Komisi D menerima hearing Asosiasi Warnet Indramayu atau AWI, yang bertempat di Ruang Balegda DPRD Kabupaten Indramayu, dipimpin oleh Drs. H. Muhaemin, selaku Ketua Komisi D dan dihadiri para Anggota Komisi D.

Asosiasi Warnet Indramayu (AWI) mengungkapkan kepada Komisi D, bahwa para pengusaha warnet menerima himbauan Bupati Indramayu terkait tentang tata tertib Warung Internet (Warnet), dalam rangka penggelolaan usaha warung internet, dengan prinsip-prinsip tertib, aman, bersih, beretika, dan bermoral.

Melalui Dinas Perhubungan Kominfo Indramayu, yang mengatur tentang Tata Tertib Warnet, dimana kesemuanya ada 12 poin. Namun dari pihak Asosiasi Warnet Indramayu merasa keberatan dengan dua poin tata tertib warnet tersebut, yaitu mengenai pengaturan waktu buka-tutup warnet dan penggunaan OSS perangkat lunak yang legal.

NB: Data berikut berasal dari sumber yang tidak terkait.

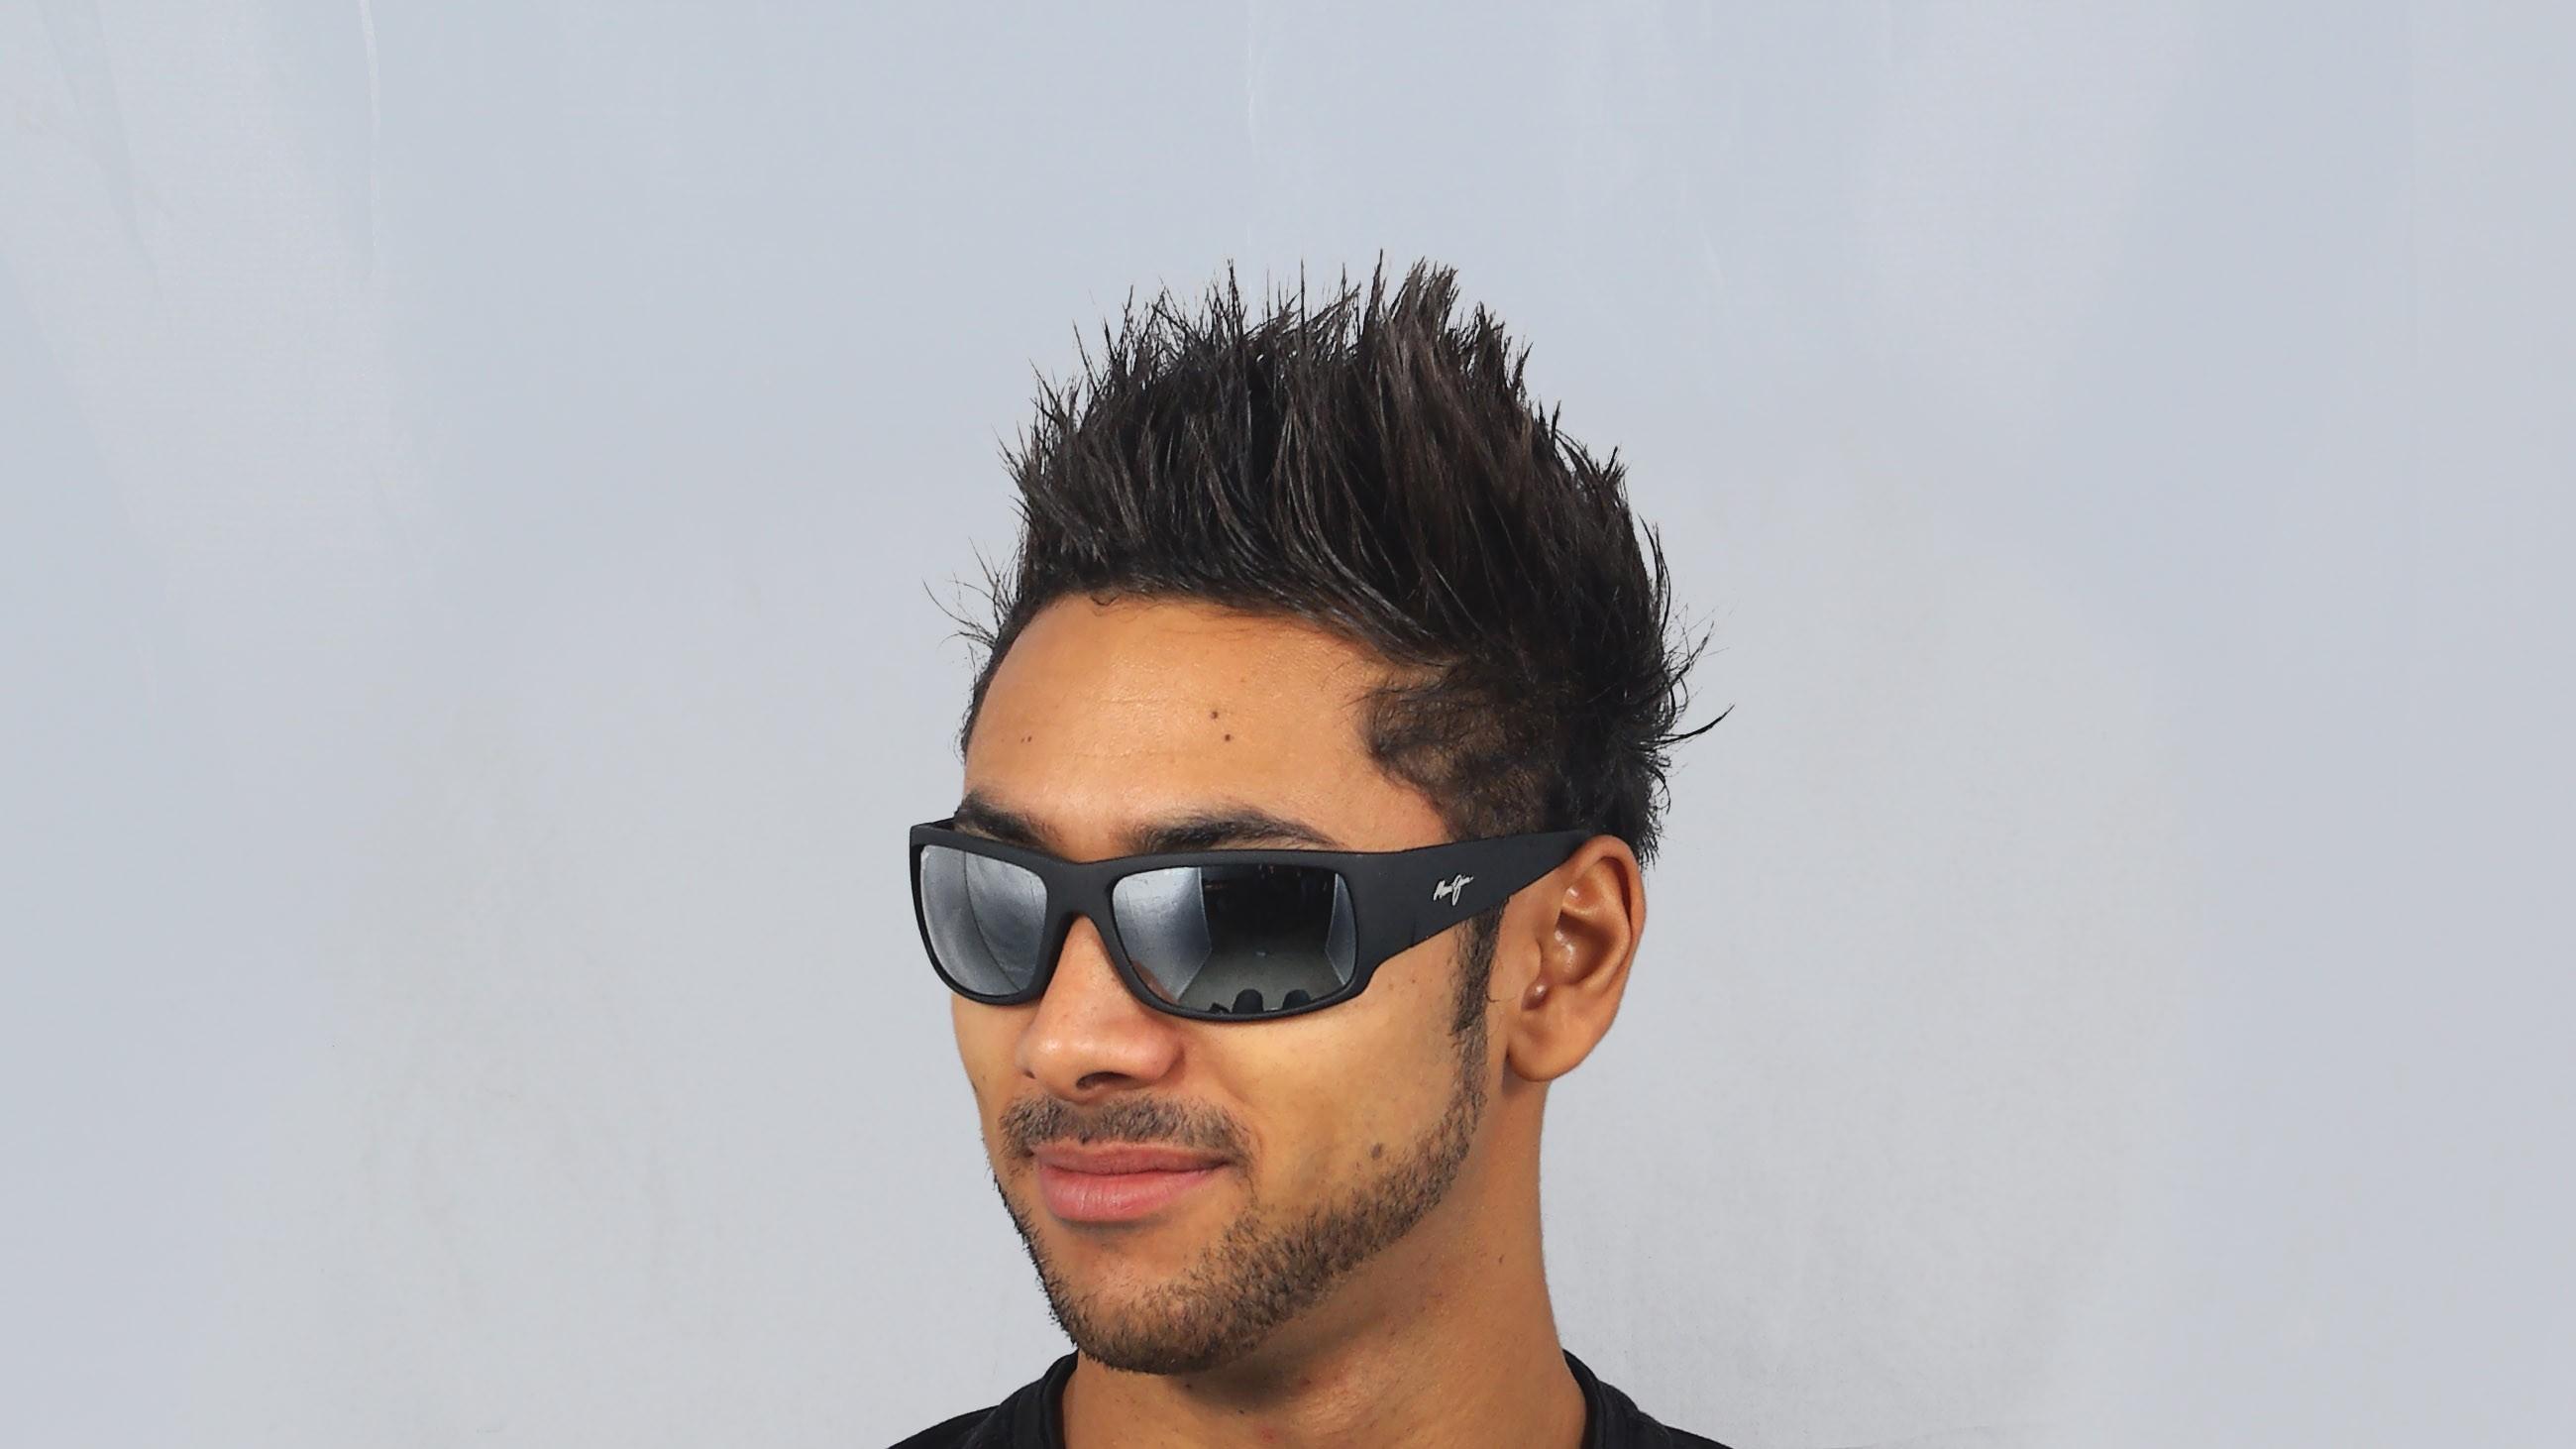 0045bfdcae8 Sunglasses Maui Jim World Cup Black 266-02MR 64-19 Large Polarized Mirror

Mengenai pengaturan waktu jam buka-tutup warnet yang menyatakan, buka dari pukul 08:00 pagi dan tutup pukul 21:00, menurut AWI kurang efektif. Sedangkan jam efektif di warnet mulai dari pukul 12:00 siang sampai dengan malam.

Pada tata tertib tersebut, menurut para pengusaha warnet waktu yang efektif hanya 9 jam, yaitu dari pukul 12.00 sampai dengan pukul 21.00 jelas sangat mengurangi pemasukan selaku pengusaha warnet. Dan untuk poin yang kedua, mengenai OSS legal, AWI dapat memaklumi.

Sementara itu, Drs. H. Muhaemin, selaku Ketua Komisi D menyatakan bahwa sebenarnya himbauan tata tertib ini baik bagi pengusaha warnet. Sedangkan mengenai hal-hal yang menjadi keberatan dari pihak AWI, akan didiskusikan dengan Kominfo, dan untuk lebih jelasnya, pihak Kominfo akan mengklarifikasi tentang jam buka-tutup warnet.

Mengenai ijin operasional, Komisi D akan telusuri sejauh mana regulasi yang mengatur tentang warnet, terutama dengan Dishub, karena bila dilihat mengenai perijinan, pembahasannya ada di Komisi C, bisa saja nanti akan ada rapat gabungan, antara Komisi D dan Komisi C, dimana Mitra Kerja dari Komisi C dengan Dinas Perijinan, sedangkan Komisi D bersama Dishub Kominfo.

Pada acara hearing tersebut Anggota Komisi D mengungkapkan pendapatnya, antara lain Mohamad Sholihin dan Abdul Rohman.